Jerry Epperson -- Furniture Today, January 7, 2007

There's a new book out titled "Big-Box Swindle" by Stacy Mitchell. It caught my eye because many believe the first modern big box targeting the big baby boom generation, now 42 to 60 years old, was Levitz Furniture Warehouse, which exploded on the scene in the 1960s and was the nation's leading furniture retailer by the early '70s.

Customers would enter Levitz through the warehouse so they would be overwhelmed by the high racks of boxes, usually bearing brand names like Kroehler, Singer and others. In the large showroom, they would be greeted by a smiling salesman in a brightly colored blazer. Ralph, Leon and Sid Levitz learned the industry from their father and took the warehouse concept national. Others opened clone stores — Wickes, Federated's Gold Key, Mangurian's.
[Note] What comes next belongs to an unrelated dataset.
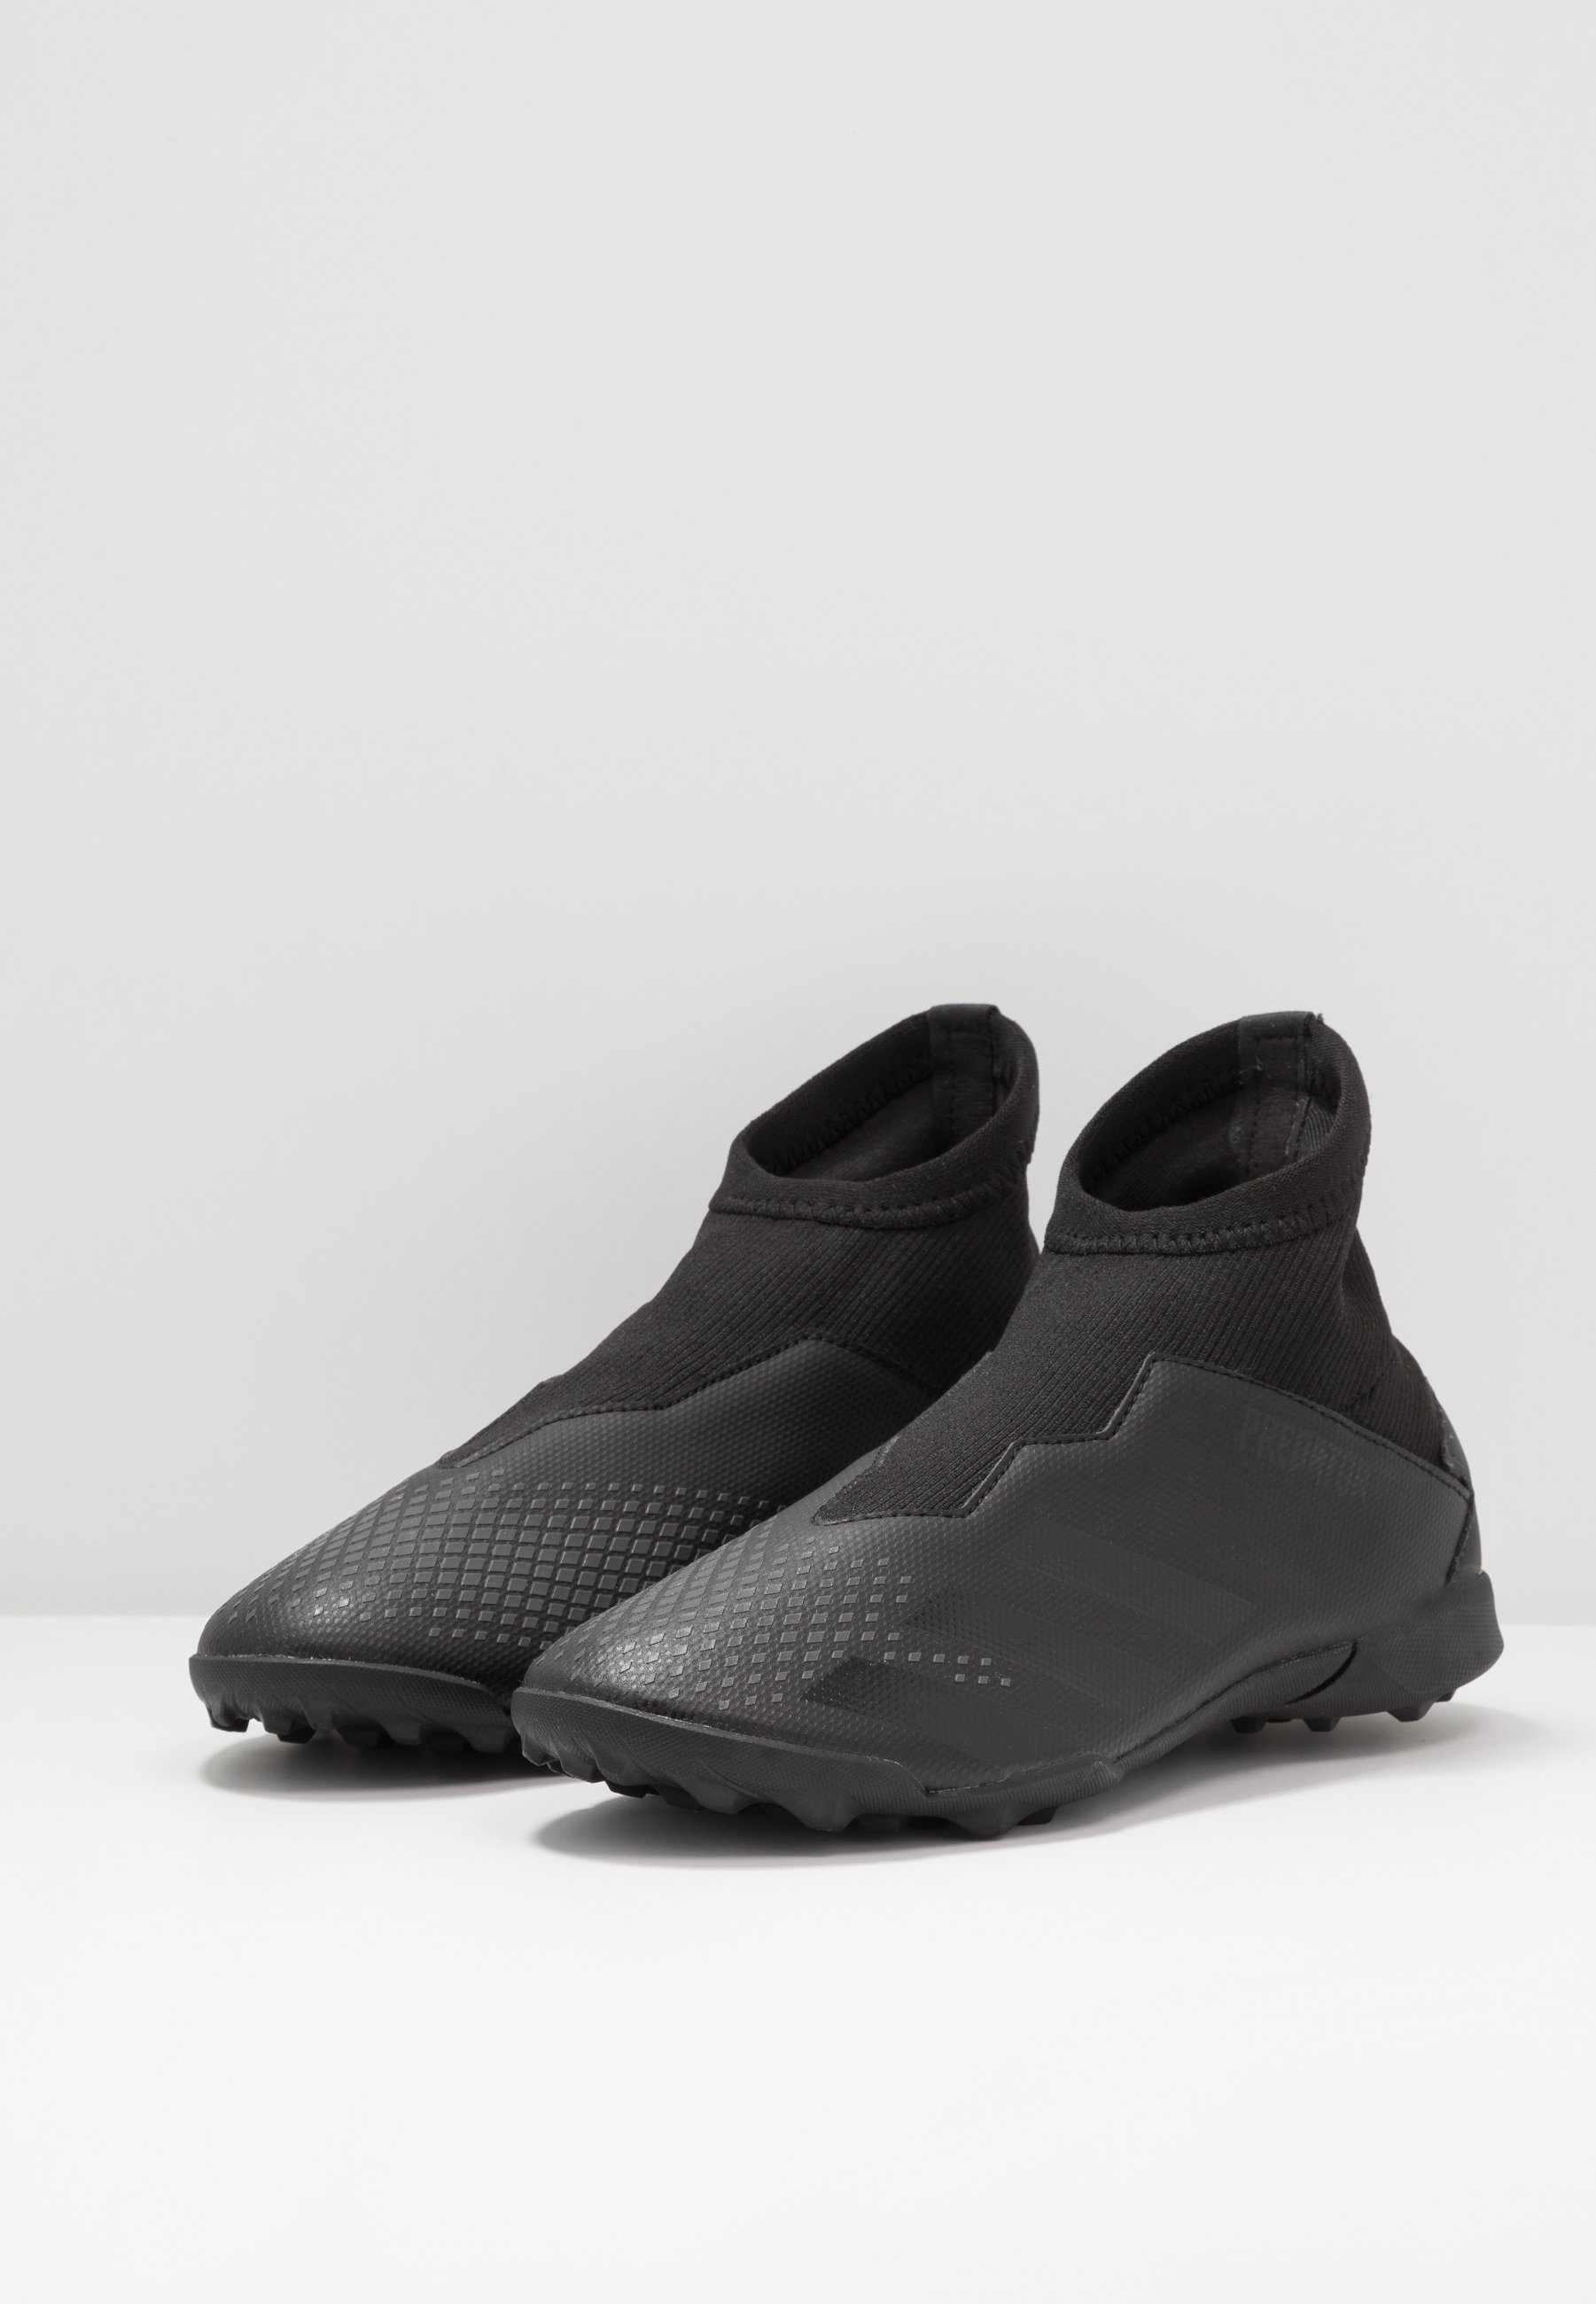 PREDATOR 20.3 LL TF Fotbollsskor universaldobbar core blackdough solid grey

America truly loved it at Levitz, where you bought it and took it home, or paid a little more and had it delivered in a day or two.

Big boxes in other categories soon followed. Circuit City was the same concept originally, and today we have the Best Buys, Toys 'R' Us, Lowe's, Home Depot and on and on. They all offer vast selection and instant gratification.

I believe instant gratification is what really made the original Levitz stores successful, not price or selection. Before Levitz, furniture and most consumer durables were bought and then ordered. I remember waiting for my family's first living room suite, Victorian with lots of showwood and incredibly uncomfortable, but Mom loved it. That was how it was done in the 1950s and earlier.

Mitchell's book notes that most communities subsidized big-box stores, often at the expense of local retailers. The federal tax code was changed in 1954, and since then federal, state and local authorities have given tax breaks and subsidies, and built roads and public utilities, to bring big stores to their communities in hopes of generating more sales tax revenue and additional employment.

That often doesn't happen, Mitchell says, because of lost jobs at local retailers. She also discusses the loss of "local premiums," the monies spent by smaller retailers locally as opposed to the big boxes, which tend to spend centrally, leveraging their buying power. The obvious target of her book is Wal-Mart, the nation's largest retailer of just about anything.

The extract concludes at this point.